*** Opening Data extract ***

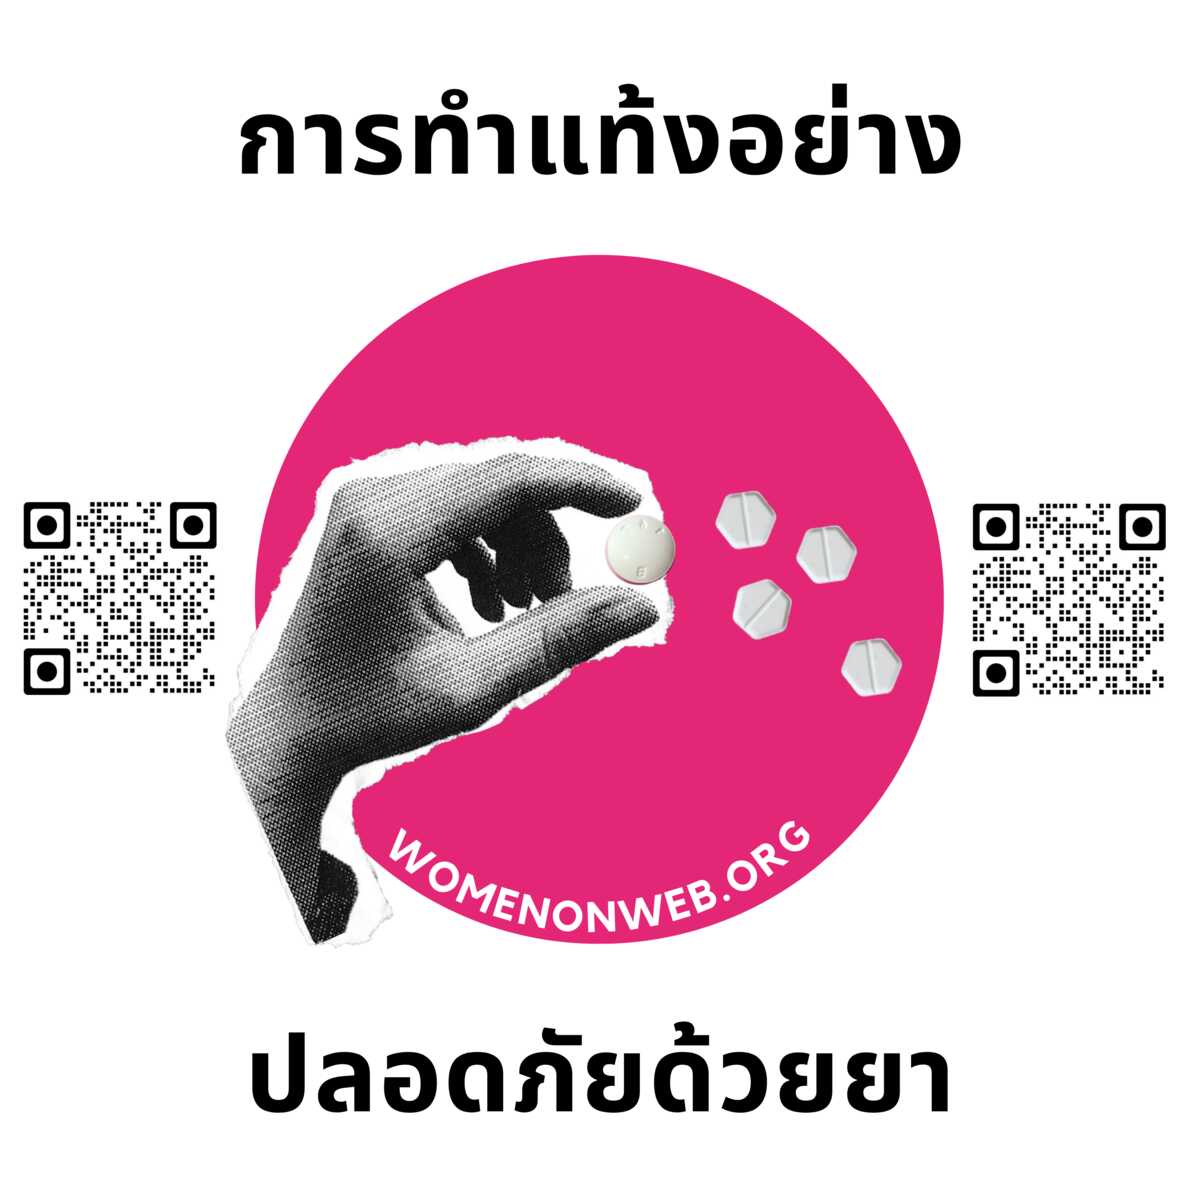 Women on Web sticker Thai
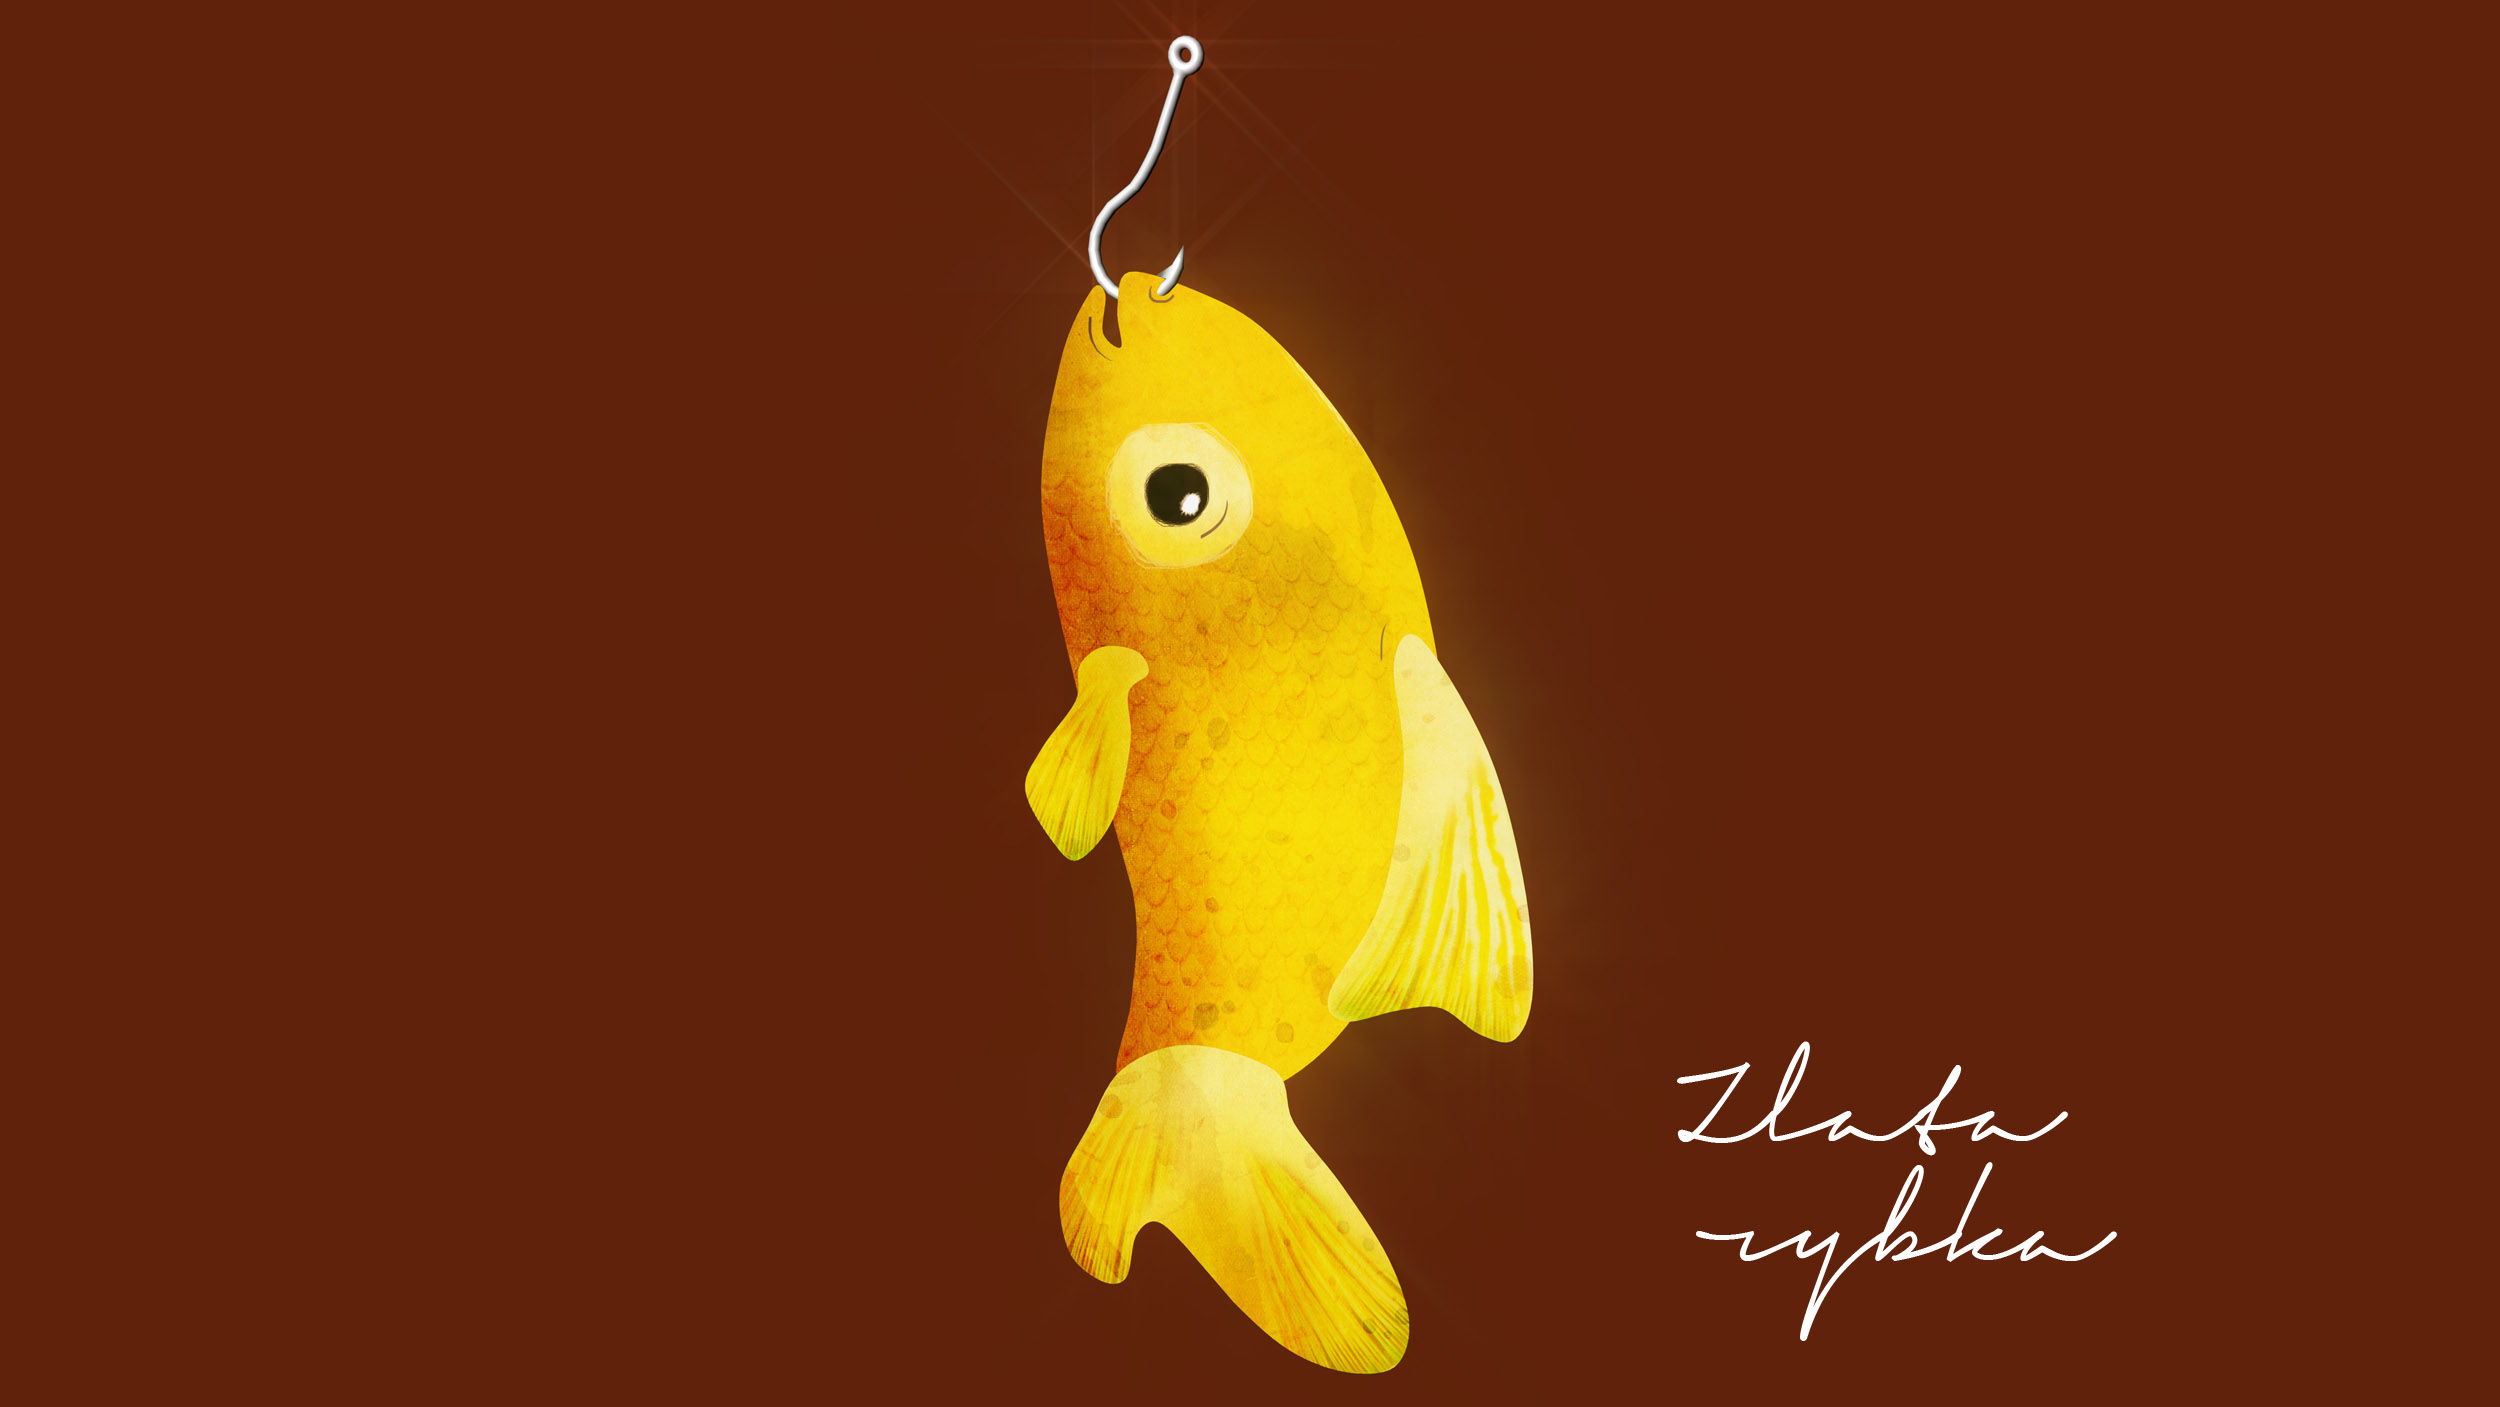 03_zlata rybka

*** Closing Data extract ***
*** Opening Data extract ***

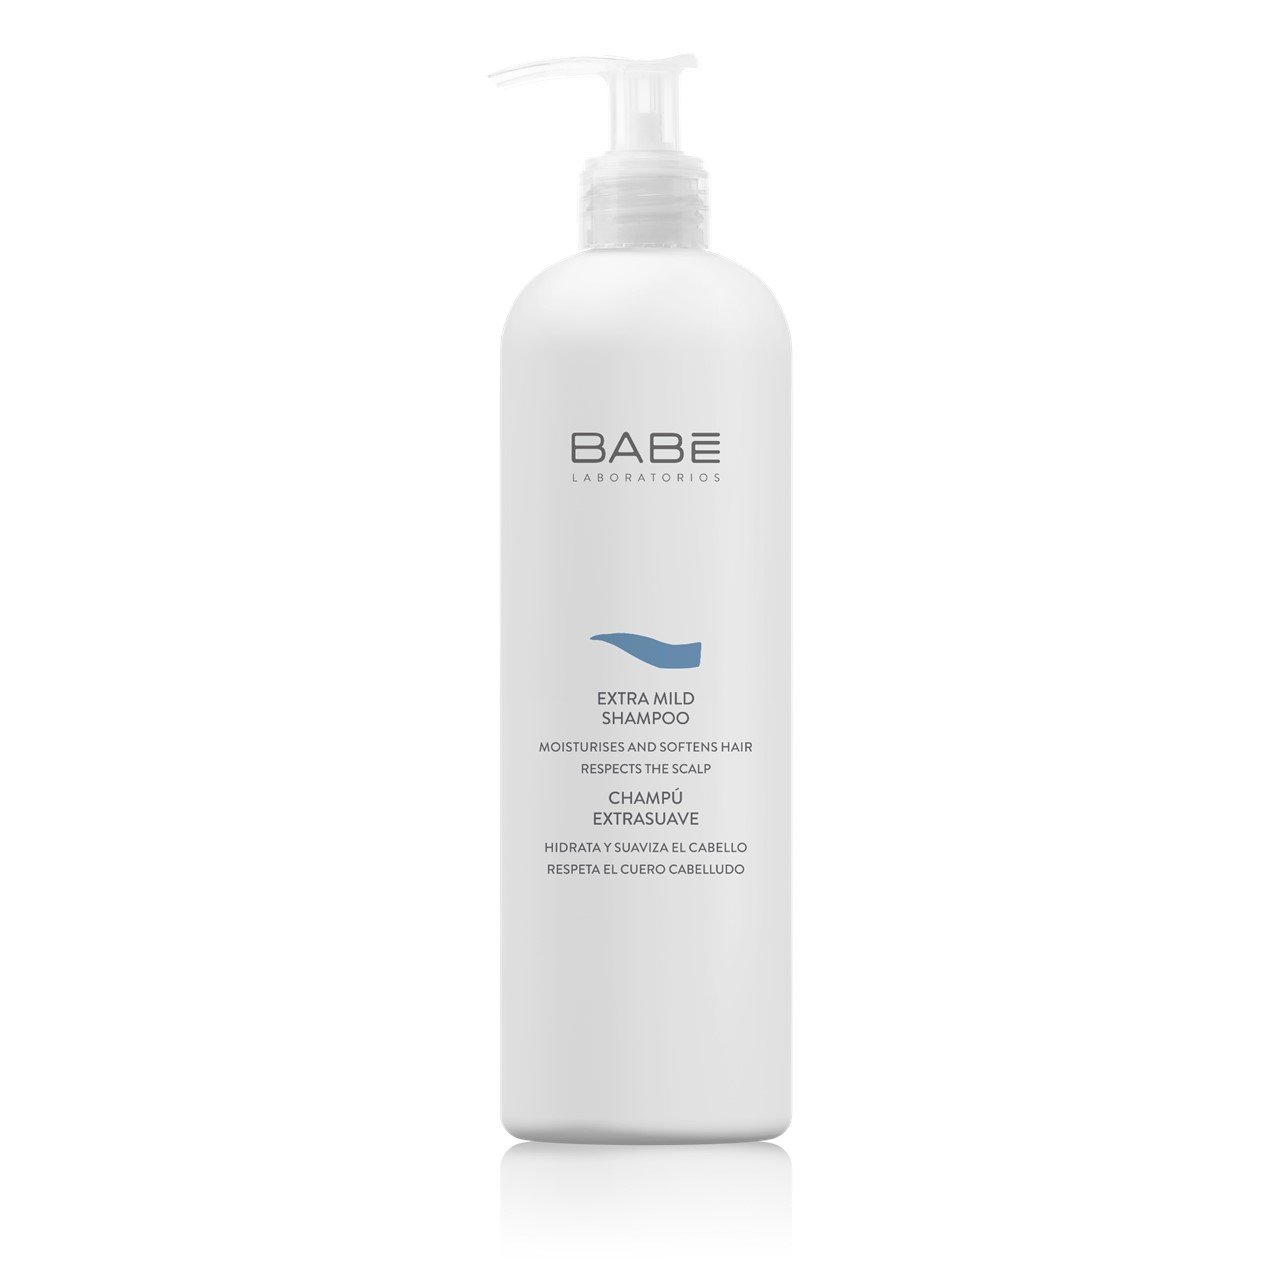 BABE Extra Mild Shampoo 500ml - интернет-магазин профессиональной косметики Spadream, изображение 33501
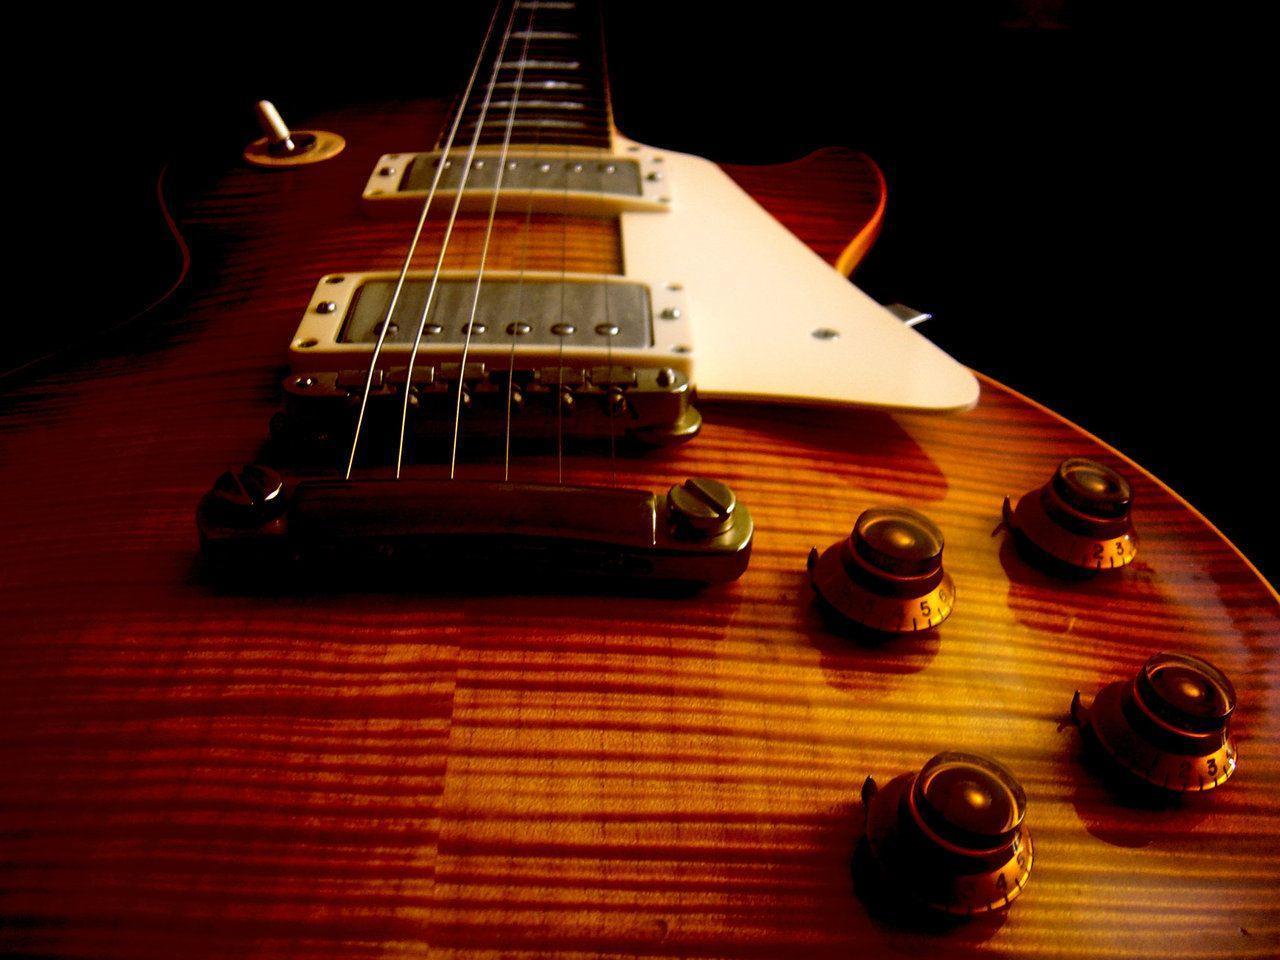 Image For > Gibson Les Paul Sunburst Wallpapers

*** Closing Data extract ***

Task to complete:
Above this task is a listing with pictures in it. Retype only the lines from the one containing "BABE Extra Mild" through the one containing "Image For >", both included, and not the pictures.

Your response:
 BABE Extra Mild Shampoo 500ml - интернет-магазин профессиональной косметики Spadream, изображение 33501
 Image For > Gibson Les Paul Sunburst Wallpapers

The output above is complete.